By The Red Hook WaterStories team

“No man ever, perhaps, got so much the best of old Beard as did Louis Heineman, the housemover of the Twelfth ward.”

(The Brooklyn Daily Eagle, July 19, 1891)

When Louis Heineman died in 1904, he was reportedly 104 years old, and likely the oldest man in Red Hook if not all of Brooklyn.

According to accounts written around the time of his death he came to Red Hook around 1820 from Germany and built a home, surround by stables and a storehouse, on a little sandbank, near what would become the foot of Columbia Street – but before it existed.

There he bred hunting dogs and shot wild ducks and wild geese in the marsh from the windows of his home.

To his east was a millpond. In 1852, he opened a tavern on his homestead, popularly known as “the Beach Tavern.”  Later he closed the tavern and became a house-mover (literally, a mover of buildings.)

The location of Heineman’s house was a thorn in William Beard’s side and his plans to build Erie Basin and surrounding warehouses.

The Brooklyn Daily Eagle, April 2, 1904, reported that Beard could not use legal means to get rid of Heineman and his house because Heineman had paid his taxes for a sufficient period of time to give him a title to the land.  Heineman was known to be friends with several judges and other influential people but according to the Eagle, Heineman claimed the main reason he bested Beard in court was that:

“There was a secret between me and Billy Beard”
I swore “I would let the cat out of the bag, and that either Beard or myself would go to state prison”
“I never told it to anyone and never will.”

Heineman eventually relocated to nearby plots of land provided by Beard, living out the rest of his long life at 580 Columbia Street. The location is now a New York City Park.

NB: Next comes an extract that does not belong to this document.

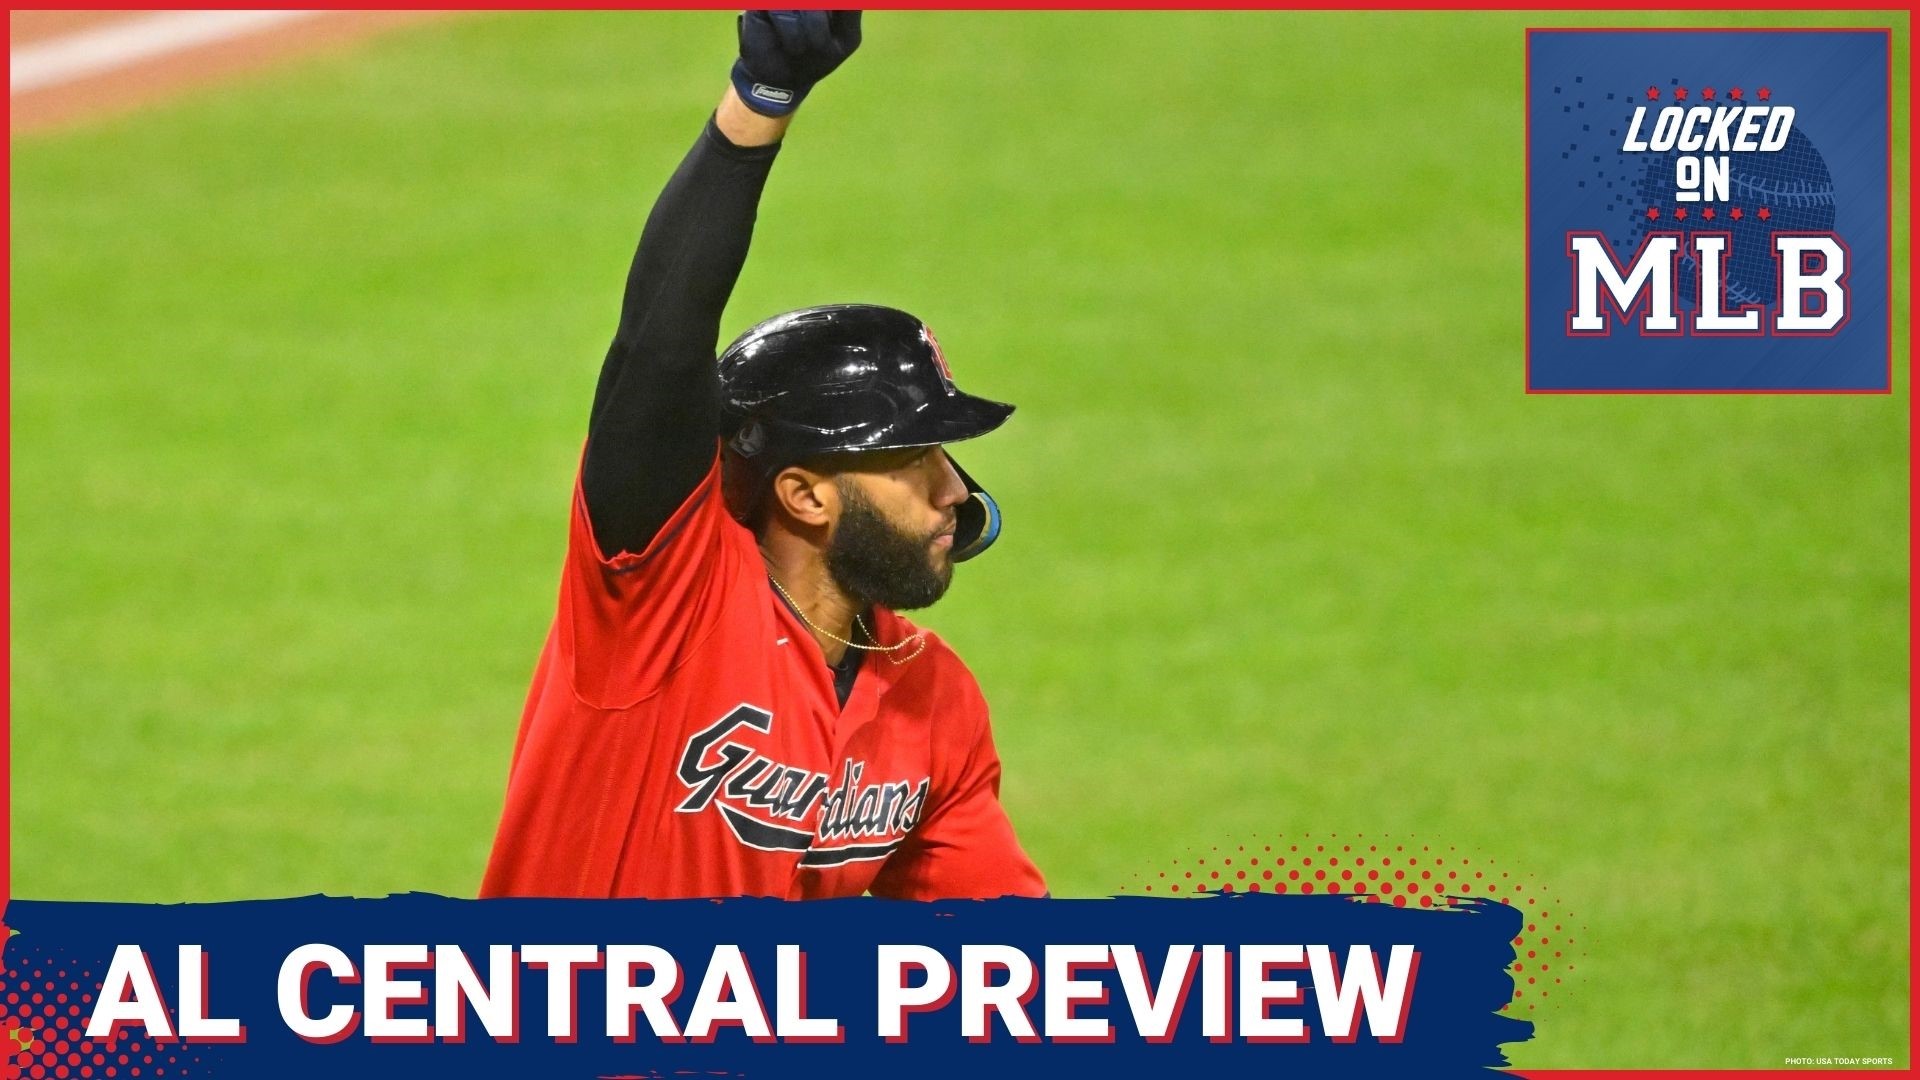 A special edition of Lock On MLB previewing the AL Central division for the upcoming 2023 season. The teams to watch and who could win it all.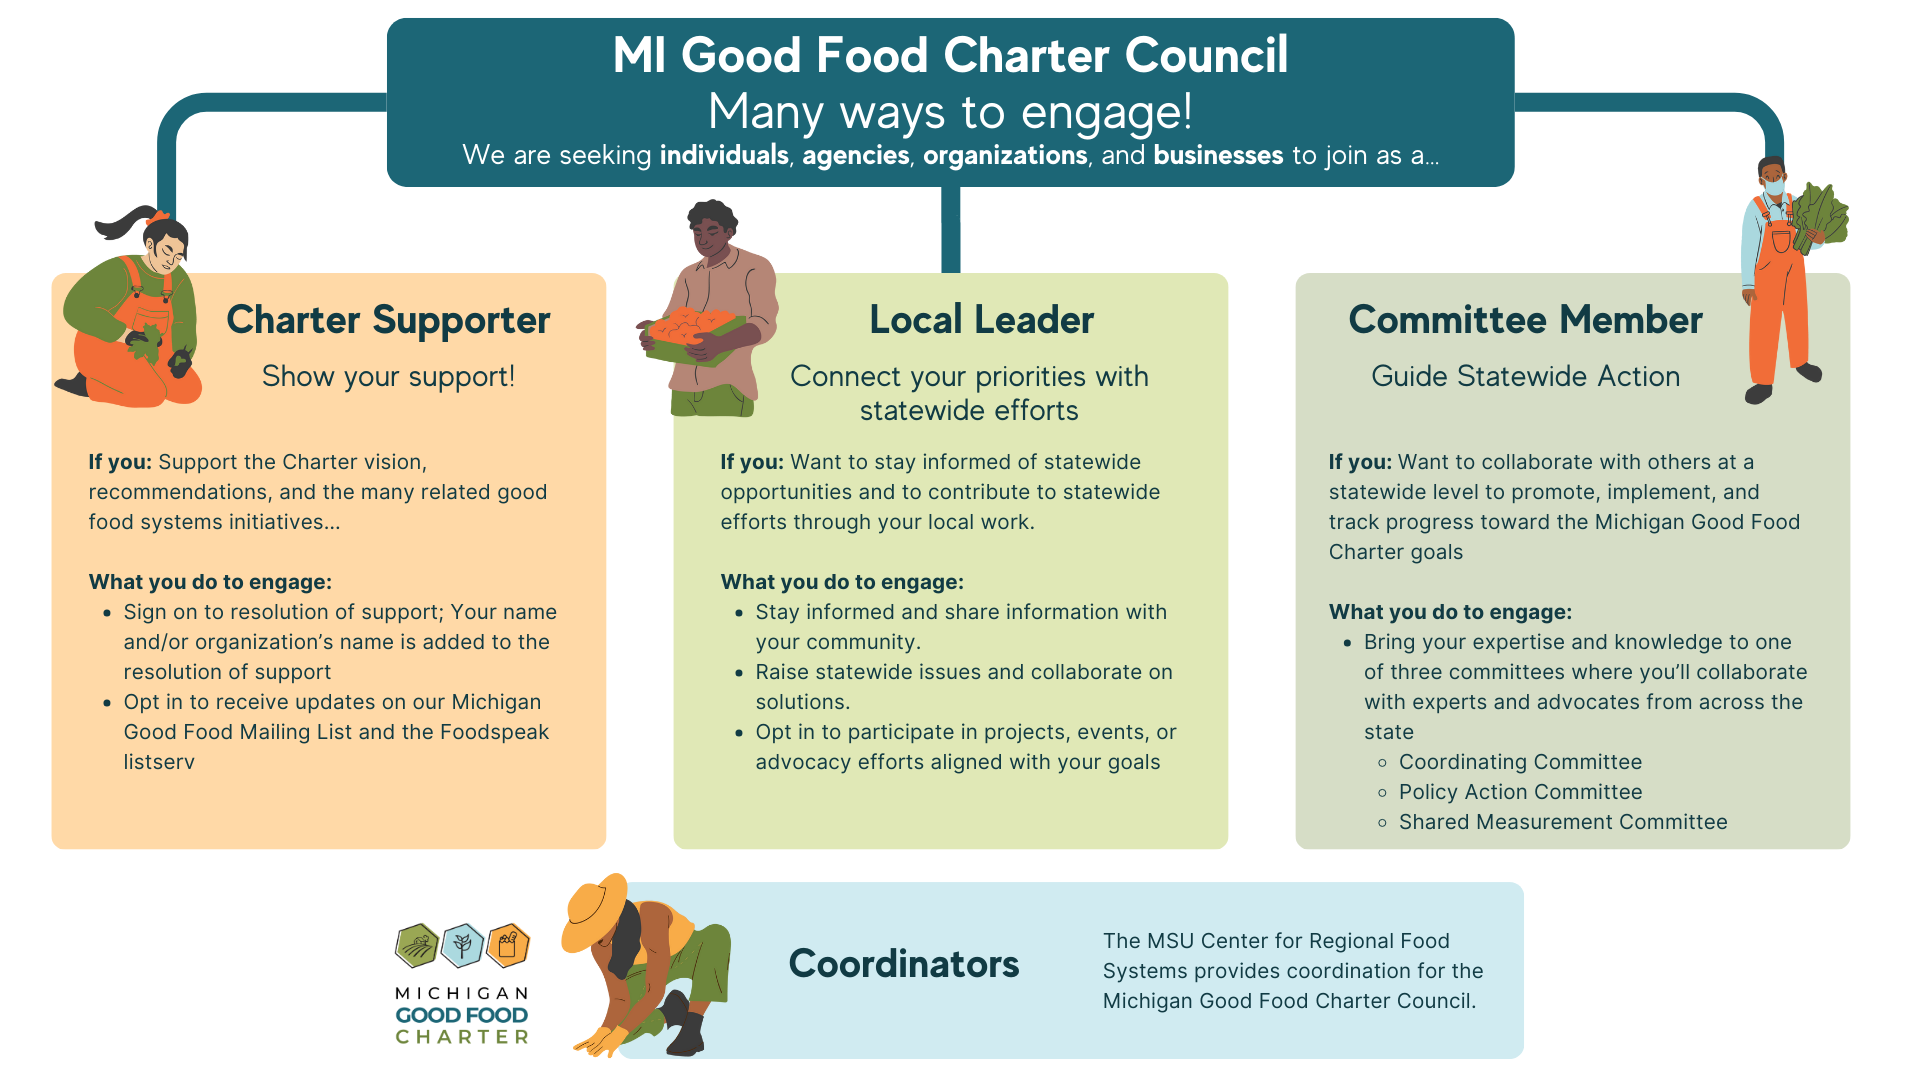 A graphic depicting the three types of engagement in the Michigan Good Food Charter Council (Supporter, Local Leader, and Council Member), the text descriptions for which are below. The image also indicates that the MSU Center for Regional Food Systems serve as coordinators for the Charter Council.

Late in his life, Louis Heineman reminisced about William Beard:

We used to fight.  I remember once setting the dogs at him, and I often threatened to shoot him when he used to be bothering me about the place.  He was a good fellow, though.  I once got a contract to move a lighthouse down at Sandy Hook but they would not let me go to work without $24,000 security.  I went to Billy and told him.  He never said a word but wrote a check for the money and gave it to me to deposit as security.